Why did this guy stopped communicating with me suddenly after 4th date?
August 10, 2015 3:33 PM   Subscribe

I’m a 23 yo female with very little dating experience and I’m going through an emotional distress right now because a guy I’ve been dating (from match.com) for 6 weeks just ended thing with me for no apparent reason. We went on 4 dates total before he disappeared last weekend. However, at the beginning, we went from obsessively texting each other all day every day to talking on the phone at least an hour each time along with texting. We seemed to click very well on a lot of things.

On our 2nd date about 3 weeks ago, he invited me over to his apt and I refused, telling him it was too rushed for me and I wanted to take things slow and get to know each other first. He was very respectful and agreeable of my wishes and continued to talk to me. I felt a lot more comfortable knowing that he wasn't into me just for sex. Fast forward to the 4th date, he suggested his apt again and this time I agreed to come over as I trusted him to not take anything to far. In my mind, I was okay with making out and cuddling but nothing more. We ended up eating dinner and watching a movie on the 4th date, still no physical contact at all. We still hadn’t hold hand up to this point. I was nervous to initiate anything and I wasn’t quite sure why he didn’t either.

After the date, he texted me telling me he had a great time and he said he's taking things slow with me to get to know me better, but he doesn’t want me to think he’s not attracted to me. I told him I didn’t think he was attracted to me (because he hasn’t initiated anything yet) but I was glad we were on the same page in terms of taking things slow. He even said that he used to rush into being physical with his past relationships and that didn’t turn out well.

After that night, he stopped initiating convo with me. Two days later, I texted him asking how his day was and he told me he's getting stressed out with a new job assignment and there's a possibility of him relocating for his job. I tried calling him a couple of times the following days to talk about his job situation and he didn't answer or return my call. Yet he would text me back saying he was busy or in the middle of something. I waited until the end of the week and finally, I texted him asking if everything is okay between us. He said "there's nothing wrong, but I've been so overwhelmed with my job and it's going to be like this for a while. I don't think I have the time to invest in a relationship right now and I don't want to neglect you." and that was the last text I got from him. Needless to say, I was heartbroken and confused as to why he left me after all the nice things he said after our date. I felt like I had misled him with the whole “taking thing slow” thing and discouraged him from seeing me again. I also felt that he lied to me about being busy to let go of me. What do you think happened and how can I learn from this moving forward?
posted by missybitsy to Human Relations (3 answers total)

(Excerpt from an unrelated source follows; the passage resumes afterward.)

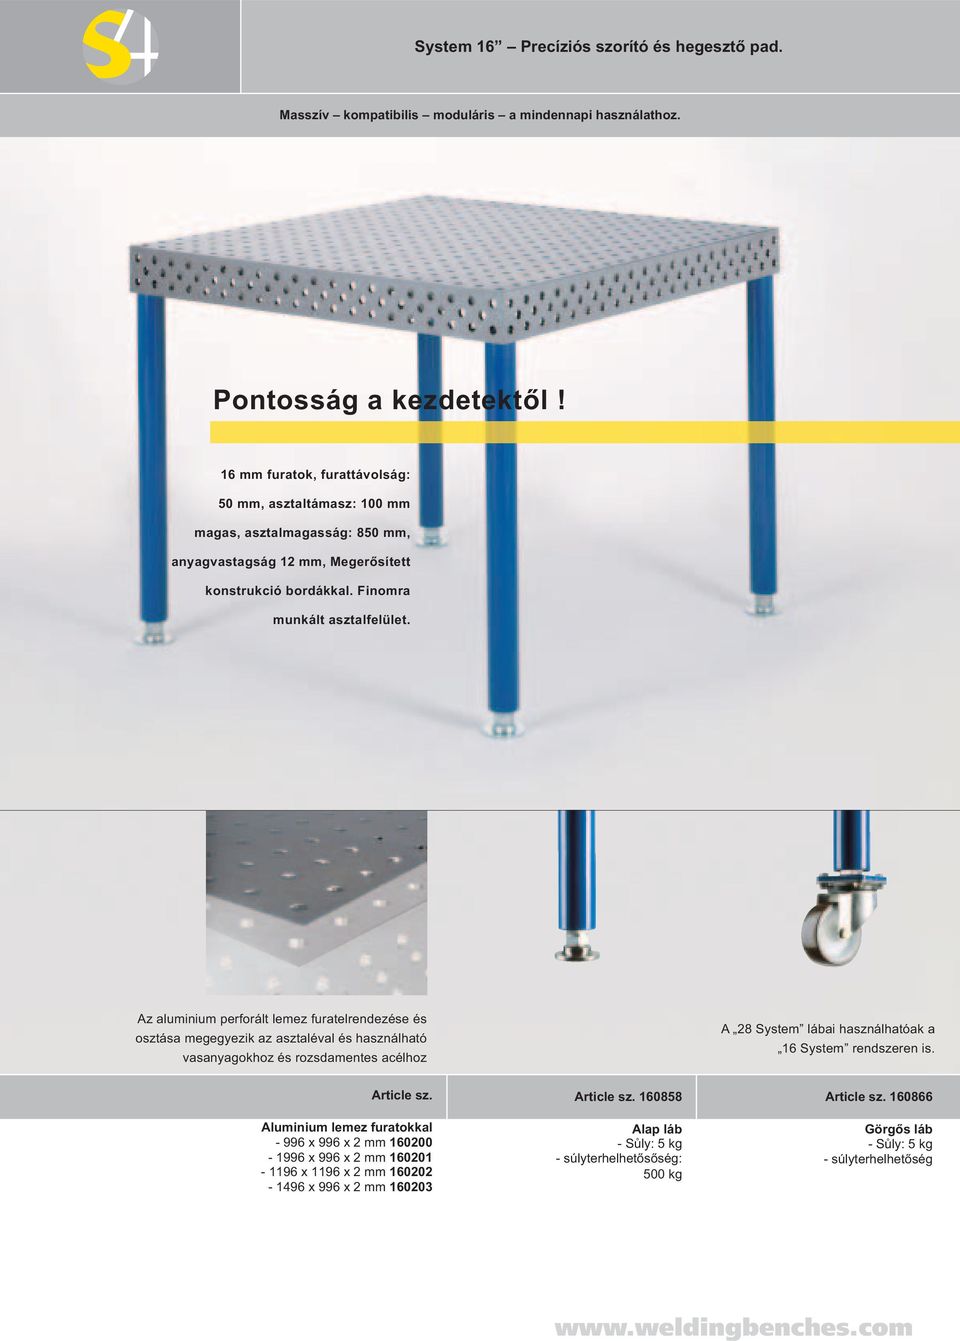 Az aluminium perforált lemez furatelrendezése és osztása megegyezik az asztaléval és használható vasanyagokhoz és rozsdamentes acélhoz A 28 System lábai használhatóak a 16 System rendszeren

This post was deleted for the following reason: Sorry, you asked this same question last week. I'm sorry this is worrying you but this week-to-week relationship update thing is not a workable way to use AskMe over the long term. -- LobsterMitten

 
I was nervous to initiate anything and I wasn’t quite sure why he didn’t either.

He didn't initiate anything because you told him you wanted to take it slow. He was giving you what you clearly stated that you wanted. You can't tell someone to do one thing and then get upset when they don't do the opposite. To then tell him that you thought he wasn't attracted to you because he didn't push you into doing something you TOLD HIM you didn't want to do? This is definitely something that would make me personally think twice about being in a relationship with someone.

What you can learn from this is that people dislike it when others tell them one thing but expect them to do the opposite, especially when that opposite thing can be seen as threatening and unsafe behavior.
posted by poffin boffin at 3:42 PM on August 10, 2015 [4 favorites]


  1. Don't overthink this.
  2. Thanks to online dating, a lot of people tend to view dating as a low-stakes enterprise.
  3. Taking things slow also means not getting too emotionally invested too quickly.

posted by adamrice at 3:44 PM on August 10, 2015


Yeah, I think he was also maybe hoping for some kissing and cuddling, but was hesitant to start anything since you told him that you wanted to take it slow. How flirty/openly into physical contact were you during the movie?

You guys don't sound like you were very comfortable communicating, which probably contributed to your hesitance to start a physical thing. Personally, I think that's a blessing because it's like a little voice in your head that told you, "Not this one". So move onto another and see if you are more comfortable!